At the extreme this might drive some researchers to a categorical representation, but it seems rare that there is no information on what should happen in the middle of the range. Thus I have encountered British hydrological data where drainage basins (catchments, watersheds) of two different orders of area (in square kilometres) were encountered, very small basins instrumented intensively by university researchers and much larger basins instrumented by the national organisations who manage flooding and water generally. Here the absence of intermediate areas is just a side-effect of how the data were assembled, and there is prior scientific knowledge from many studies that area should almost always be used via its logarithm (that is, it makes no sense to categorise areas, say as small, medium or large).
Skewness is key in this example and complicates matters here and elsewhere, but I think its effects are extra rather than in contradiction to the above.
Best Answer
There is, as far as I know, no taxonomy of variables that captures all the contrasts that might be important for some theoretical or practical purpose, even for statistics alone. If such a taxonomy existed, it would probably be too complicated to be widely acceptable.
It is best to focus on examples rather than give numerous definitions. Number of days is a counted variable. It qualifies as discrete rather than continuous, and it is possible that the discreteness is important, particularly if most values are small. Some statistical people might want to insist that only models that apply to discrete variables should be used for such a variable.
At the same time, it is often the case that models and methods treat such a variable as approximately continuous.

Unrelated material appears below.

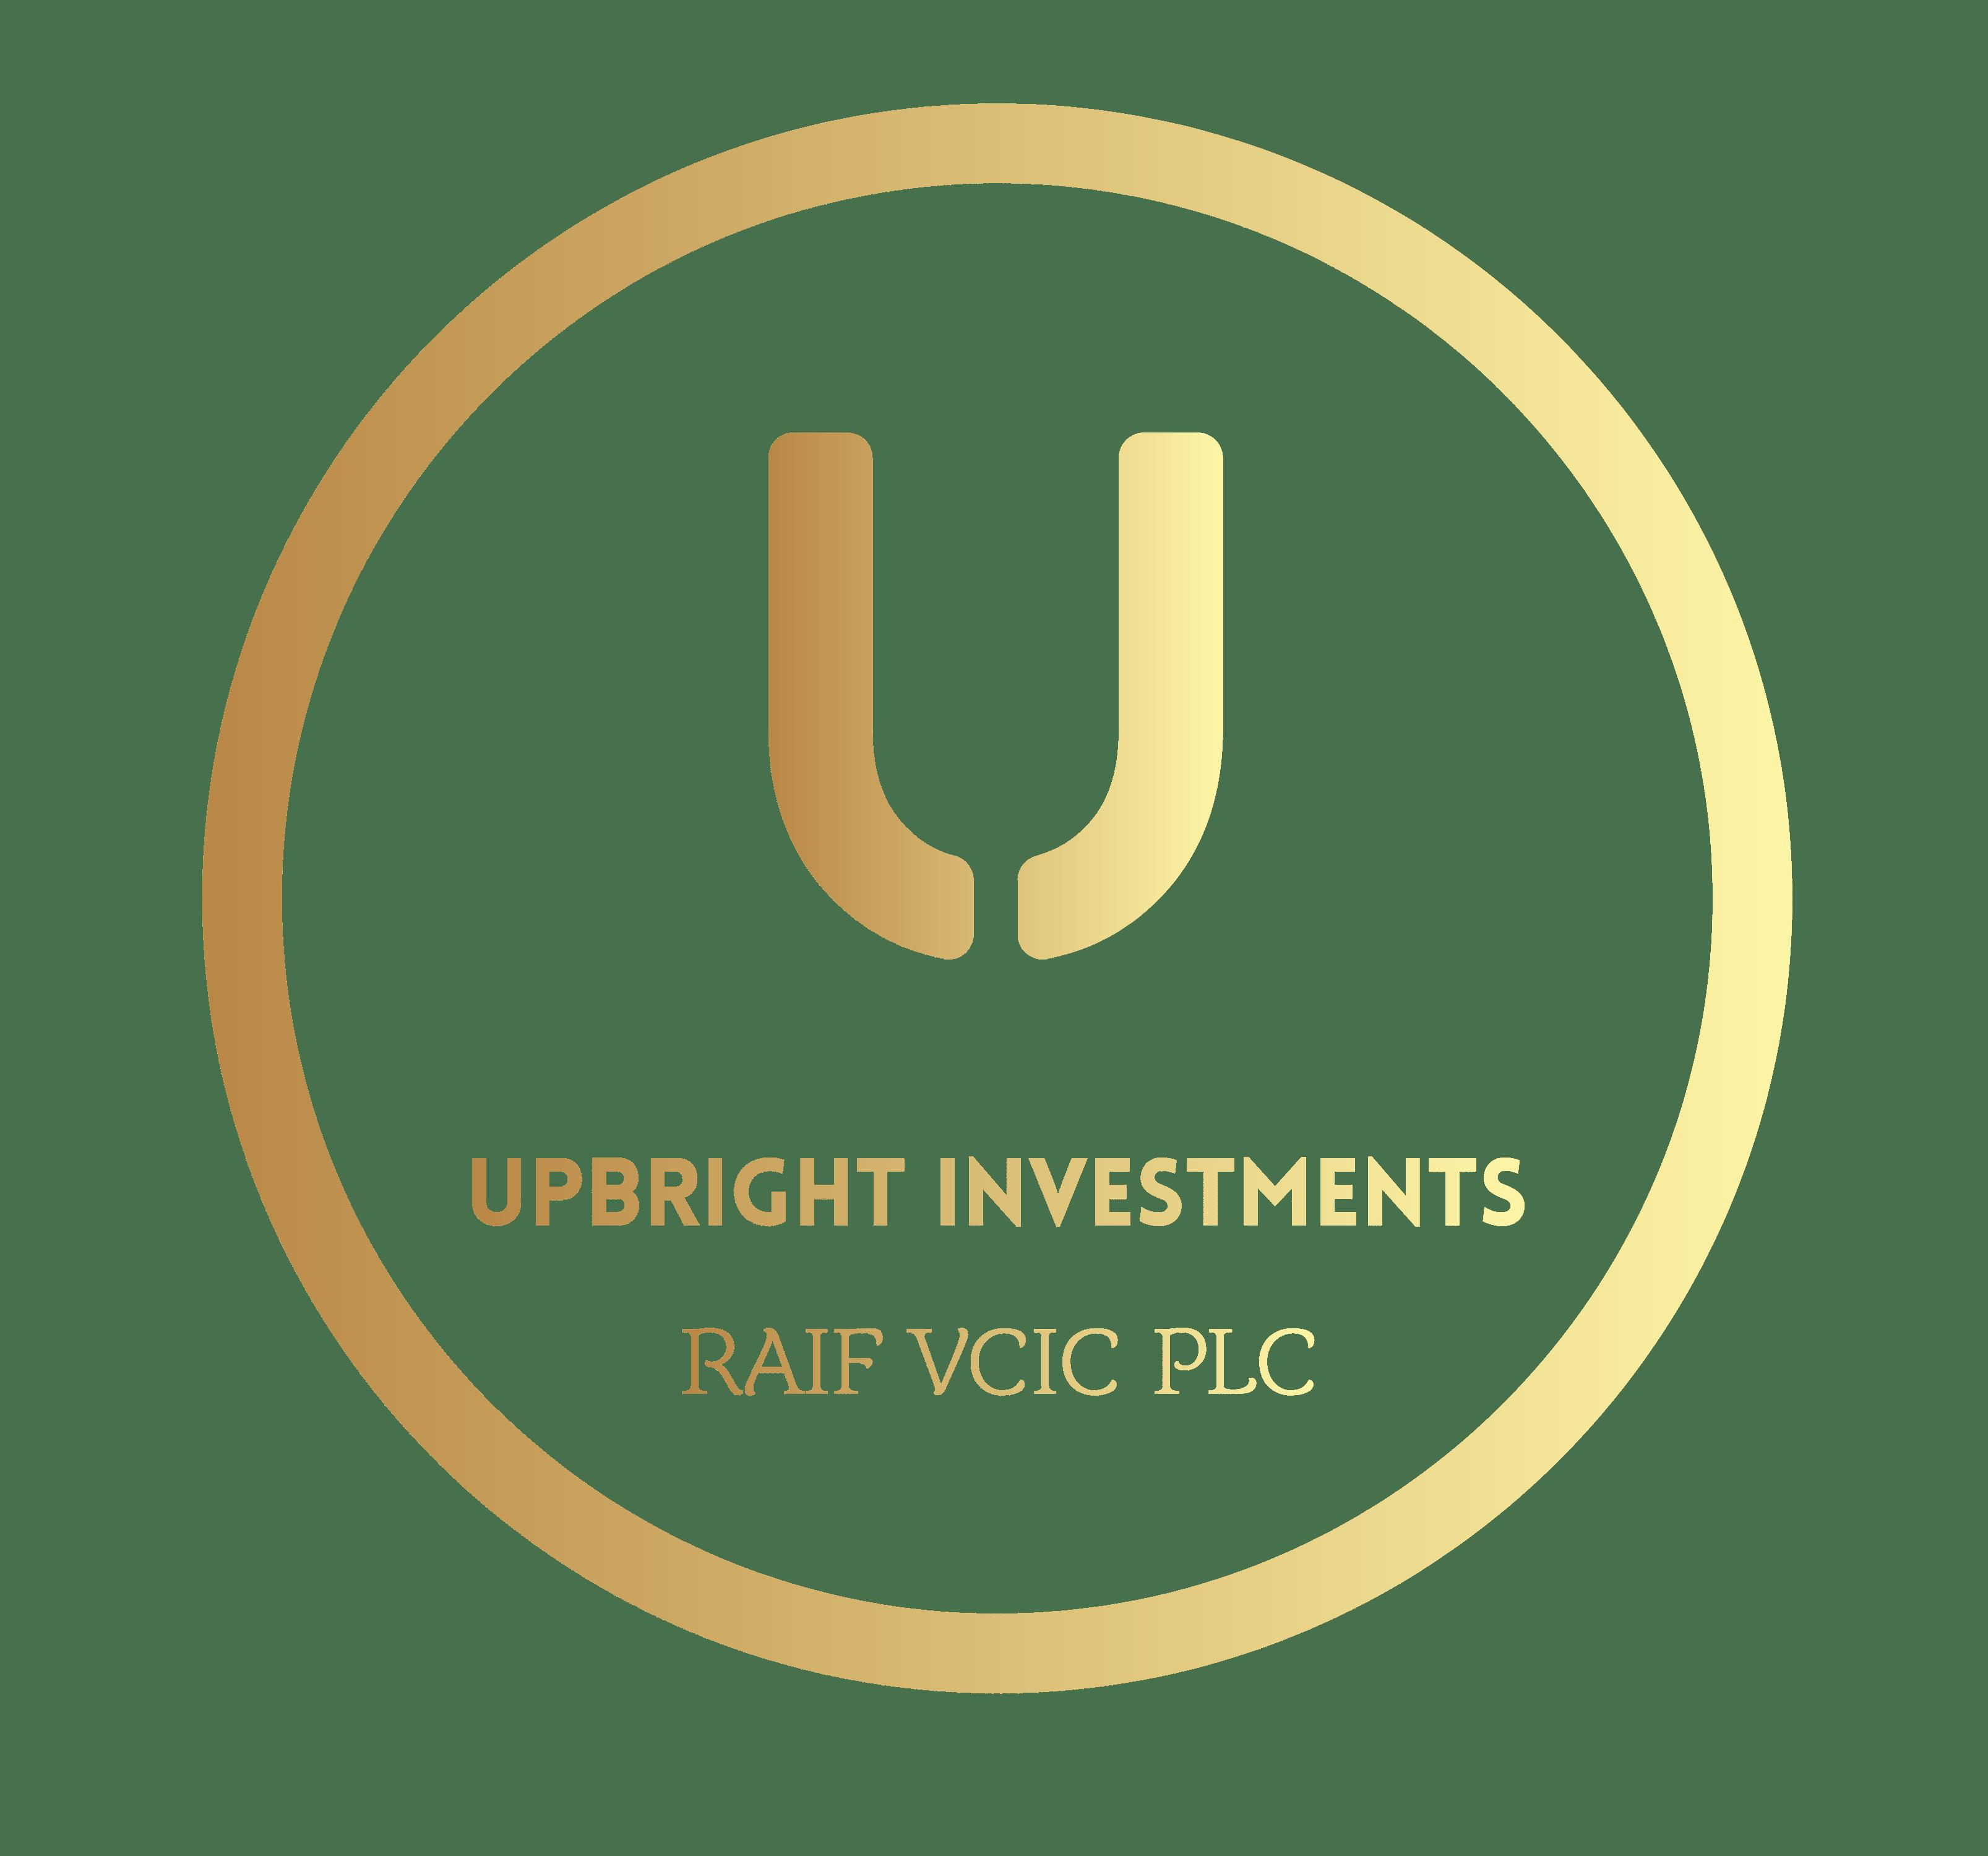 UPBRIGHT INVESTMENTS RAIF VCIC PLC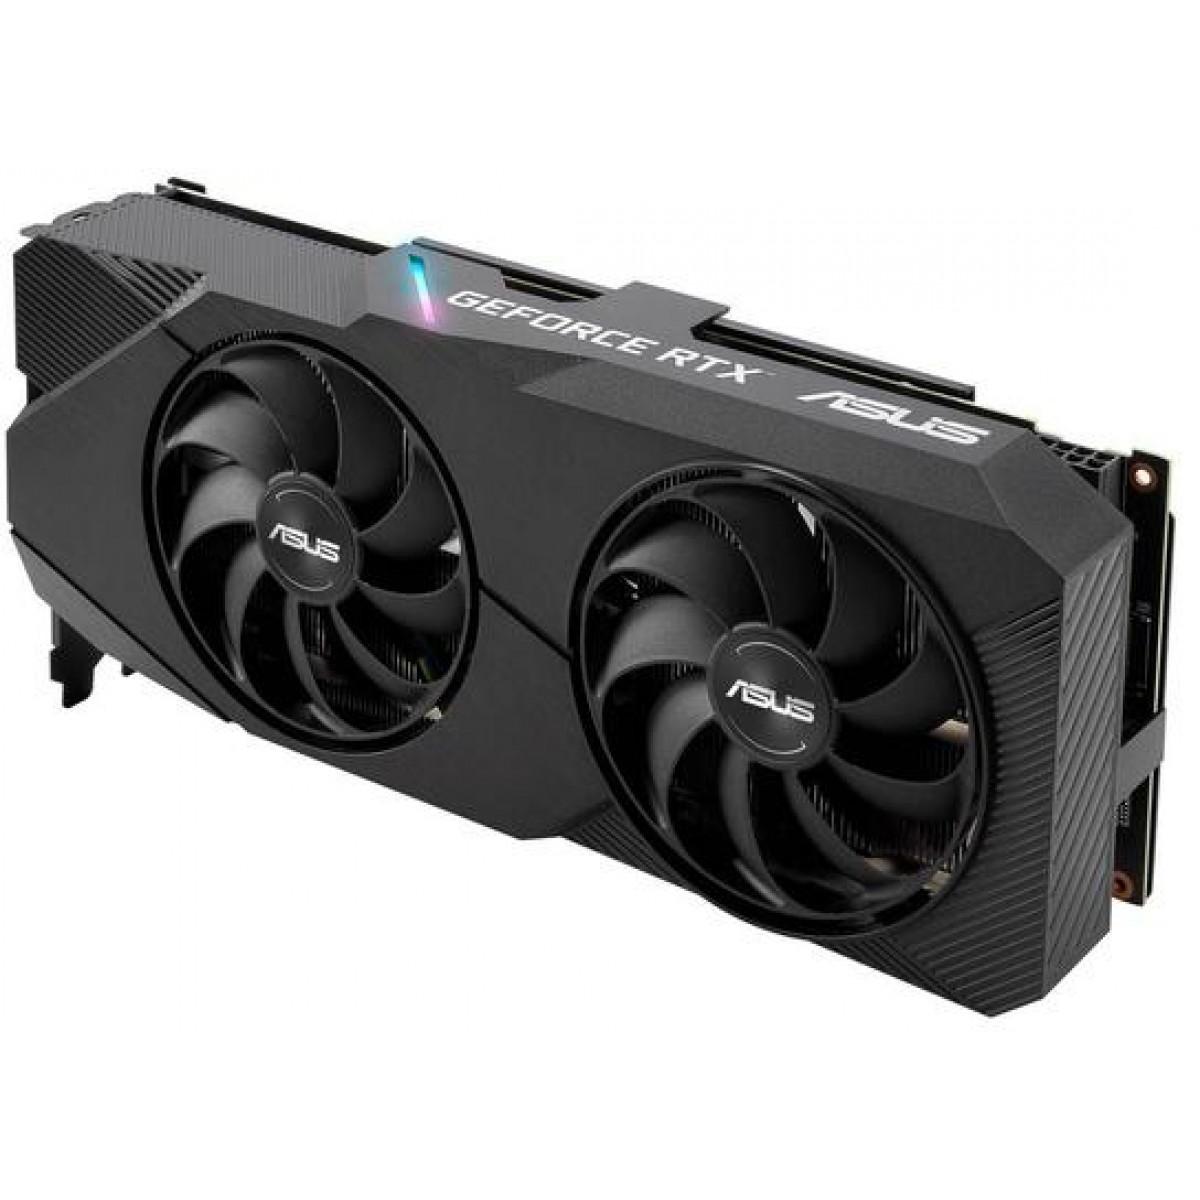 Placa de Vídeo Asus GeForce RTX 2060 Super Evo Advanced Dual, 8GB GDDR6, 256Bit, DUAL-RTX2060S-A8G-EVO

Population size is a yet more obvious example. Human populations can be in billions and many procedures effectively treat such variables as continuous, regardless of the familiar fact that people are individuals.
In contrast, a variable such as temperature is in principle continuous, but as a matter of convention temperatures may only be reported to the nearest degree or tenth of a degree, so the number of possible values may be rather small in practice. This does not usually worry anyone; it would certainly be perverse to call such a variable categorical. There are some contexts in which the discreteness of reported temperature is important: in reading mercury thermometers by eye and guessing at the last digit, people show idiosyncratic preferences for or against certain digits of the ten possibilities 0 to 9.
Also, what do we do with categories? Answer: we count them. We count males, females; unemployed, employed, retired, students; whatever. So, often we are modelling category counts.
In short, discrete counts are a common kind of variable, as well as continuous and categorical variables.